Ia berpuasa tiga hari seminggu dan berpantang dari buah-buahan. Wajahnya yang cantik molek itu sering dicorengnya dengan kapur agar tampak tidak menarik. Daripada itu, orangtuanya telah merencanakan perkawinannya dengan seorang pemuda yang mereka sukai. Selama 10 tahun ia berjuang keras melawan keinginan orangtuanya untuk mengawinkan dia dengan pemuda itu. Tatkala desakan dan paksaan orangtuanya memuncak, Rosa segera mengikrarkan kaul keperawanan dan masuk ordo ketiga Santo Dominikus. Sebagaimana biasa, ordo ketiga tidak menuntut anggota-anggotanya menjalani kehidupannya di dalam biara; sebaliknya membiarkan mereka tetap menjalani kehidupannya di tengah–tengah masyarakat. Rosa pun tetap tinggal bersama orangtuanya sambil dengan tekun menghayati panggilannya.
Rosa mendirikan sebuah pondok dikebunnya dan hidup disana sebagai seorang pertapa sampai berusia 28 tahun. Cara hidup Rosa sangat keras. Ia lebih banyak menggunakan waktunya untuk berdoa dan bertapa. Waktu malam ia hanya tidur selama dua jam. Ia tidur diatas ranjang yang ditaburi dengan pecahan-pecahan kaca. Tudung kepalanya sangat kasar; makanannya sangat sedikit berupa roti untuk jangka waktu dua–tiga minggu. Pantang dan puasa yang keras ini membuat badannya sangat lemah.

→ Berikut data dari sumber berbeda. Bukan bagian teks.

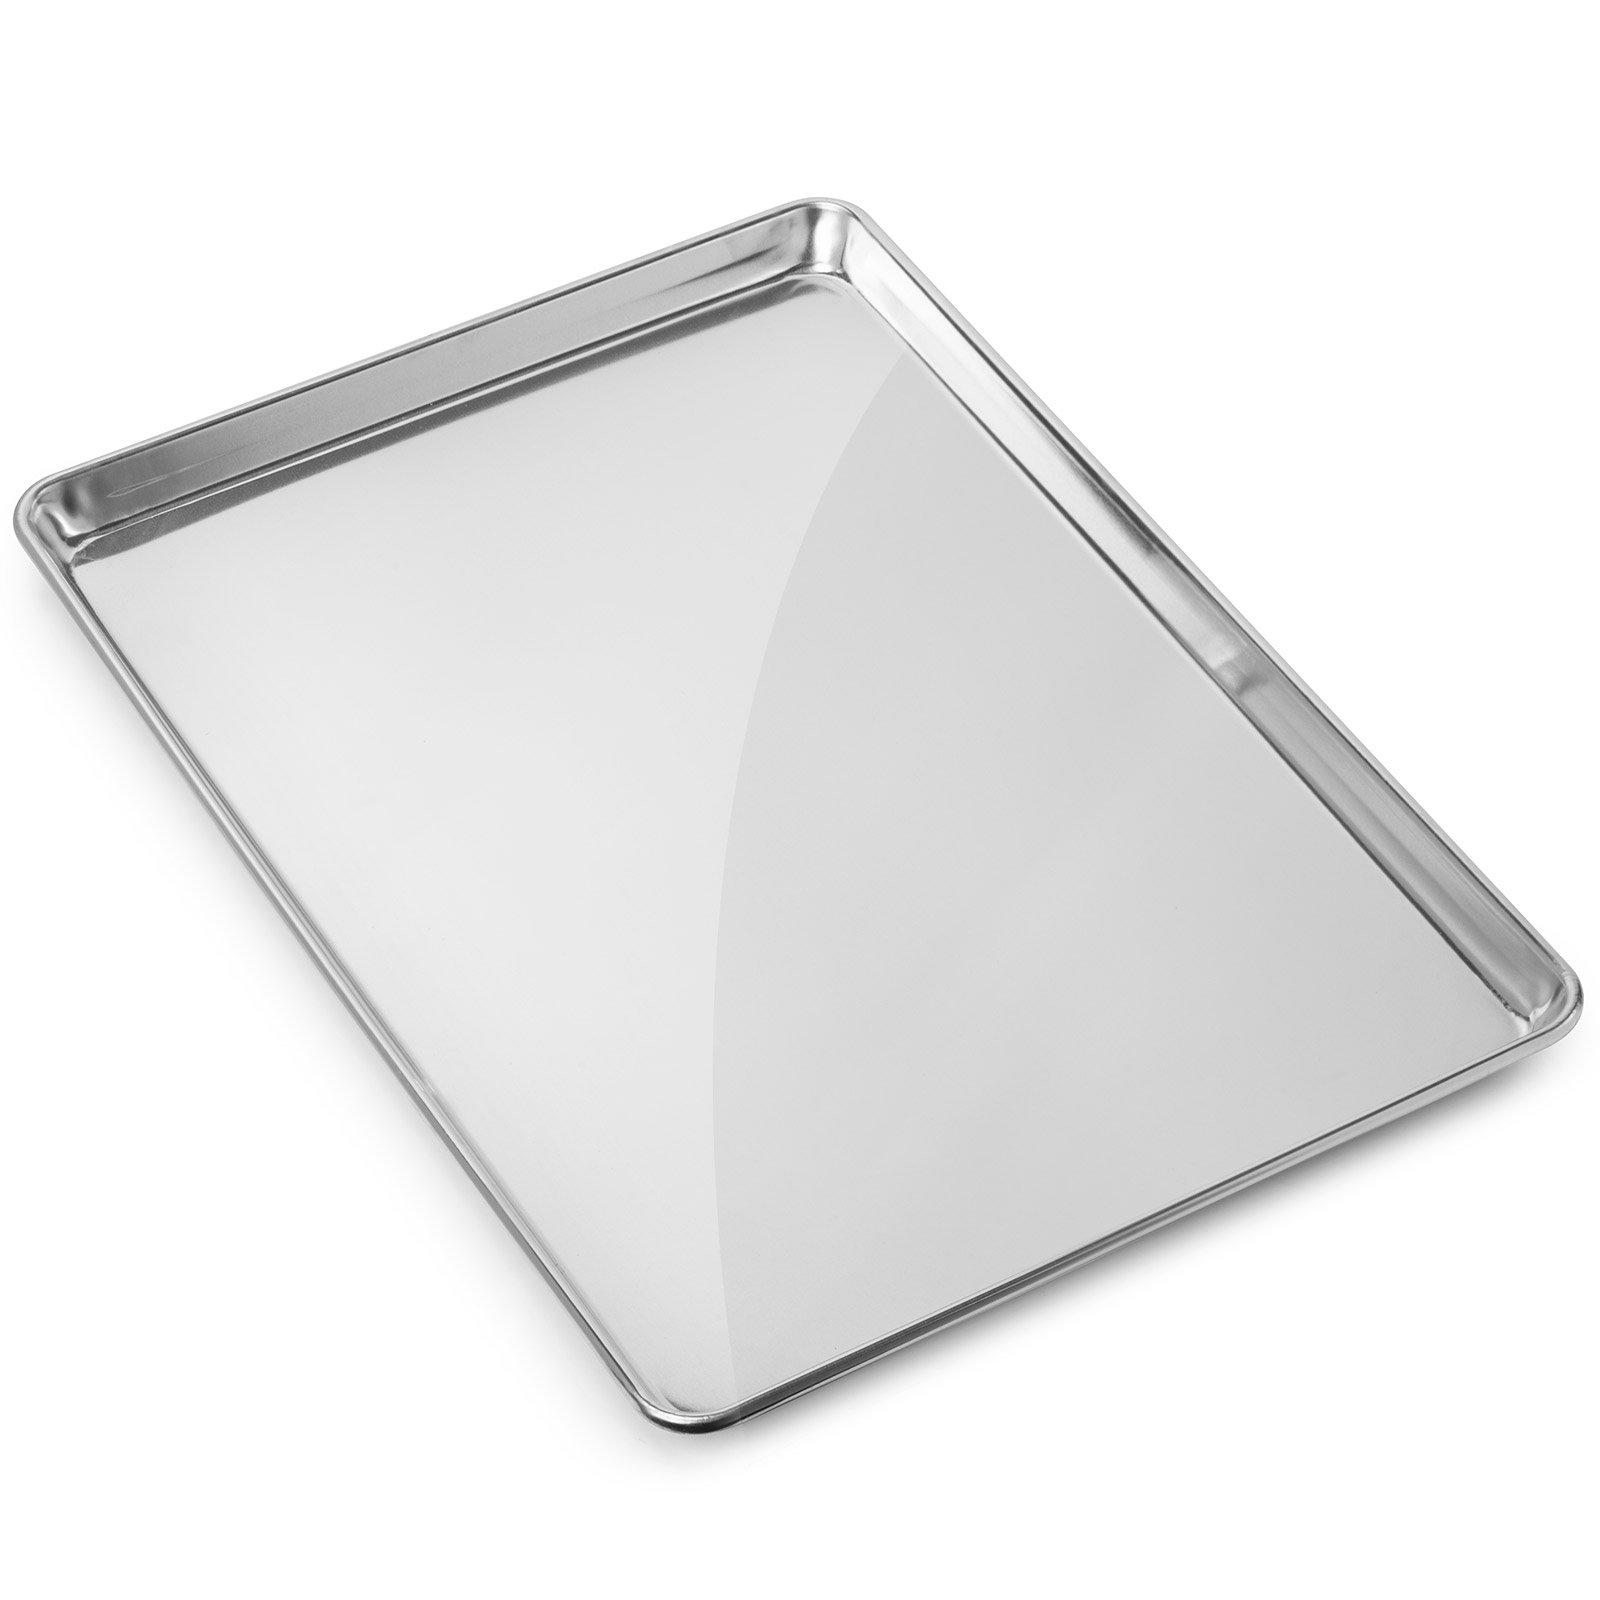 Gridmann 15'' x 21'' Commercial Grade Aluminium Cookie Sheet Baking Tray Pan Three Quarter Sheet - 1 Pan

Rosa dipandang sebagai wanita yang kudus luar biasa dengan suatu corak hidup yang luar biasa pula. Cara hidupnya yang diwarnai dengan penyiksaan diri yang heroik itu sulit ditiru wanita kudus lainnya, bahkan semua orang lain. Selama tiga tahun terakhir hidupnya, Rosa tinggal di rumah Don Gonzalo de Massa, seorang pegawai pemerintahan yang istrinya mengenal baik Rosa. Di sana pula, Rosa menghembuskan nafasnya yang terakhir pada tanggal 24 Agustus 1617 di Lima. Ia dinyatakan ‘kudus’ oleh Sri Paus Klemens X (1670–1676) pada tanggal 12 April 1671.

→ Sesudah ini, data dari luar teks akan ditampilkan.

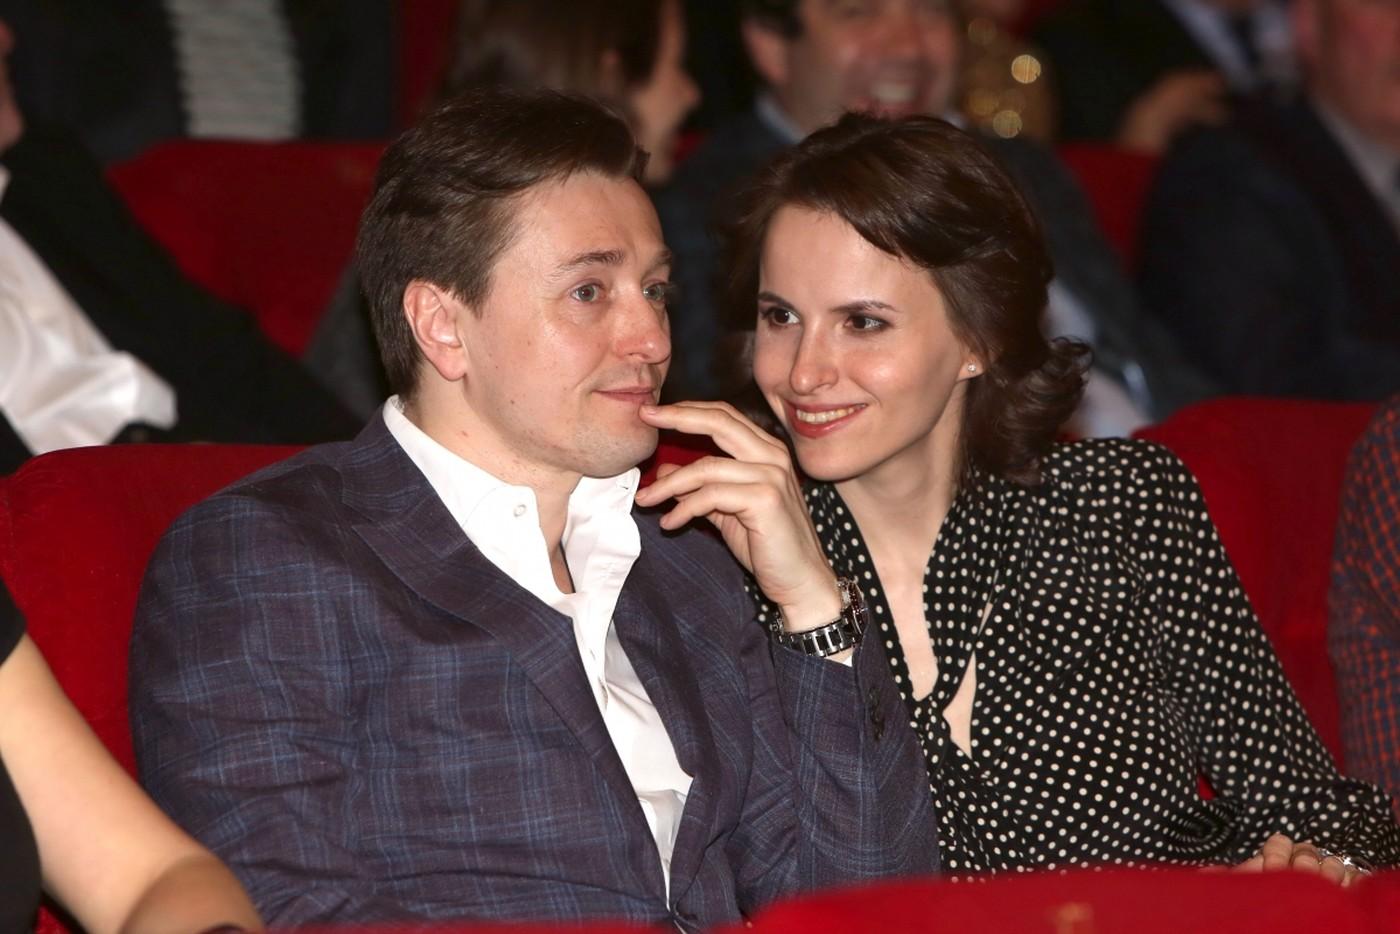 Анна Матисон - новая жена Сергея Безрукова: 30 лучших фото

Santo Filipus Benizi, Pengaku Iman
Filipus Benizi lahir di Florence, Italia pada tanggal 15 Agustus 1233. Hari kelahirannya, yang bertepatan pada Pesta Santa Maria Diangkat ke Surga, merupakan suatu tanda awal bagi panggilan hidupnya dikemudian hari. Pada masa mudanya, Filipus belajar di Universitas Paris dan Padua hingga meraih gelar sebagai seorang dokter dan ahli filsafat. Sebagai seorang dokter, ia mempunyai perhatian besar pada orang-orang sakit, terutama yang miskin dan melarat. Para pasien yang ditanganinya senantiasa memperoleh peneguhan batin dalam menanggung beban penderitaannya. Di samping memberikan obat-obatan, Filipus juga selalu mendoakan para pasiennya.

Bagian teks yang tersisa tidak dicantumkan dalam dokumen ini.